The Group Settlement Board oversaw all the schemes but had to be informed of all livestock sales and purchases and any substantial change to the farm. They had power to evict the failing farmer, but came up against farmer solidarity. In 1925, a field supervisor from the Board discovered that whenever a settler was evicted from his holding for inefficiencies, the other ‘groupies’ threatened the evictors and ostracised any newcomer who took up the block.

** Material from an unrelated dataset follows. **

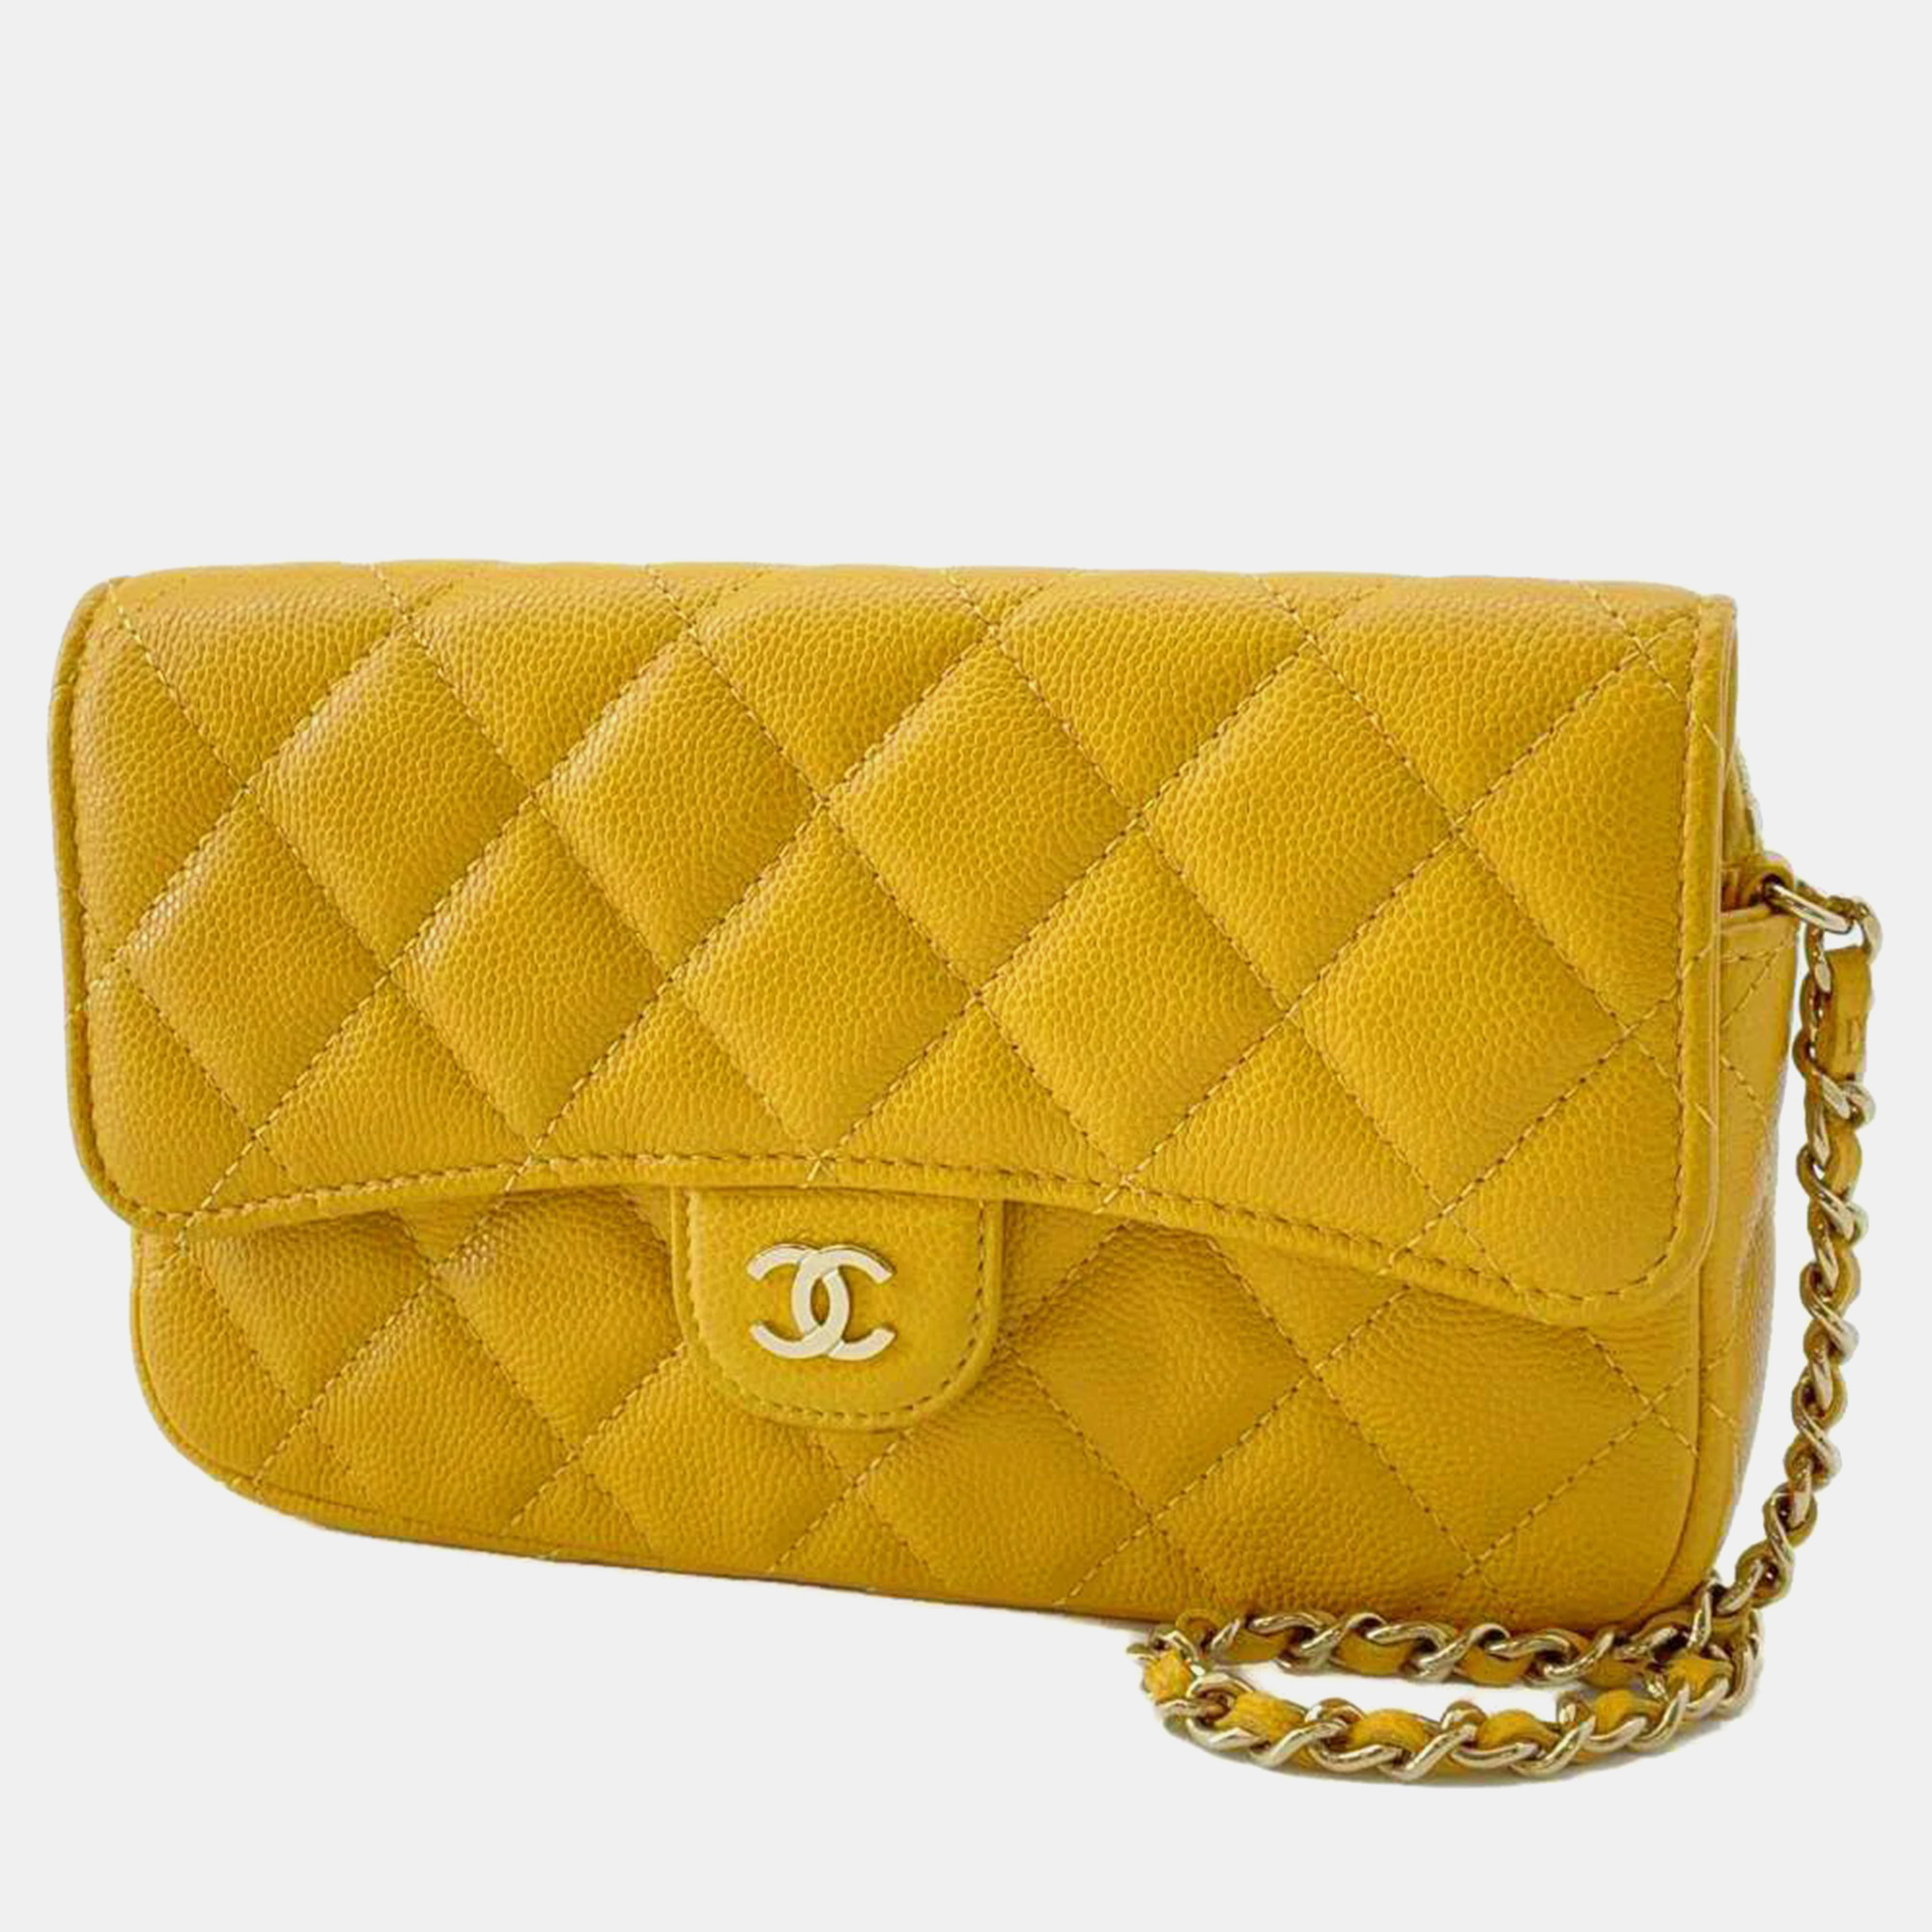 Chanel yellow soft caviar leather flap phone case chain shoulder bag

Helen Woolmer, the wife of a British World War I veteran who had found it impossible to get work in post-war London, arrived with her husband in 1924. After they left the quarantine station at Albany they were sent to Northcliffe. They lived in a tin shack until land was cleared and cottages erected. Many cottages had to be shared. There were no toilets and the only water was from the creek. Women and children lay on the bare earth floor covered with sacks while the men slept out in the bush. No roads, only a bush track, led into Northcliffe. There were no doctors or hospitals, no beds or blankets, no milk and no fruit. The settlers dug rough latrines but the children became ill with dysentery. The foreman told Helen Woolmer to feed hard lumps of red gum to her baby daughter and son. Then ‘barcoo rot’ began, a dietary disease that covered the children with sores. Woolmer also found that the family hut had been built over a stream that flooded in rain, and the shack had to be dismantled, taken some distance off and re-erected. Her husband was ill for four months, and though there was a sickness benefit fund to which all the settlers contributed, there had been so much sickness that it was now used up and ‘we were at starvation point, except for odds and ends donated by the [other] settlers’. She appealed to the Red Cross in Perth, and in the subsequent terrible months, she said, the Red Cross saved them with money and pharmaceuticals.

The typical immigrant woman in the bush, observer Frank Larter said, longed for simple British things such as the ringing of church bells, the cries of fishmongers and coal men, of cat-meat sellers and milk vendors, and the bells of the muffin and crumpet man. The men missed the warm local pubs, the factory sirens, the music halls and the football clubs. They even reminisced about the war with a kind of longing, since there had been greater hope then.

Mrs Reg Goldsmith and her family also arrived in Western Australia in 1924, and after a hard start at Kendenup, during which they lived on a diet of wheat and carrots, found group settlement excellent. In Group 21 at Jardee, to which the Goldsmiths moved, the range of foodstuffs had expanded and social life was very strong. There was even a government hospital nearby, and cows and poultry were available, as well as apples and pears from the local orchard. This was a golden interlude, since the Goldsmith wheat farm failed in the Depression.

The scheme was temporarily suspended in 1924, and holdings were amalgamated as more and more settlers gave up under the economic hardship of their lives. But the government was still locked into financing the scheme, even though by 1929, Mitchell, on his way to returning to power, was beginning to question the cost of it all. ‘We are drifting along,’ he said, ‘making some progress, but so little for the money we are borrowing.’

A Loan Council was founded by Prime Minister Bruce after the proposal to create one was passed at the 1928 referendum to enable it. Under it, the public debts of the Commonwealth and the states were amalgamated, and the Commonwealth agreed to help states in difficulty with loan repayment. All states would contribute an agreed sum towards interest payments and to a sinking fund. Individual states could, however, no longer levy loans from overseas investors except by way of the Loan Council.

This was an arrangement that cut into Western Australia’s pride in innovation and its belief in its especial needs and destiny. In the coming crisis it would seem to many Western Australians one reason amongst many to separate from the Commonwealth.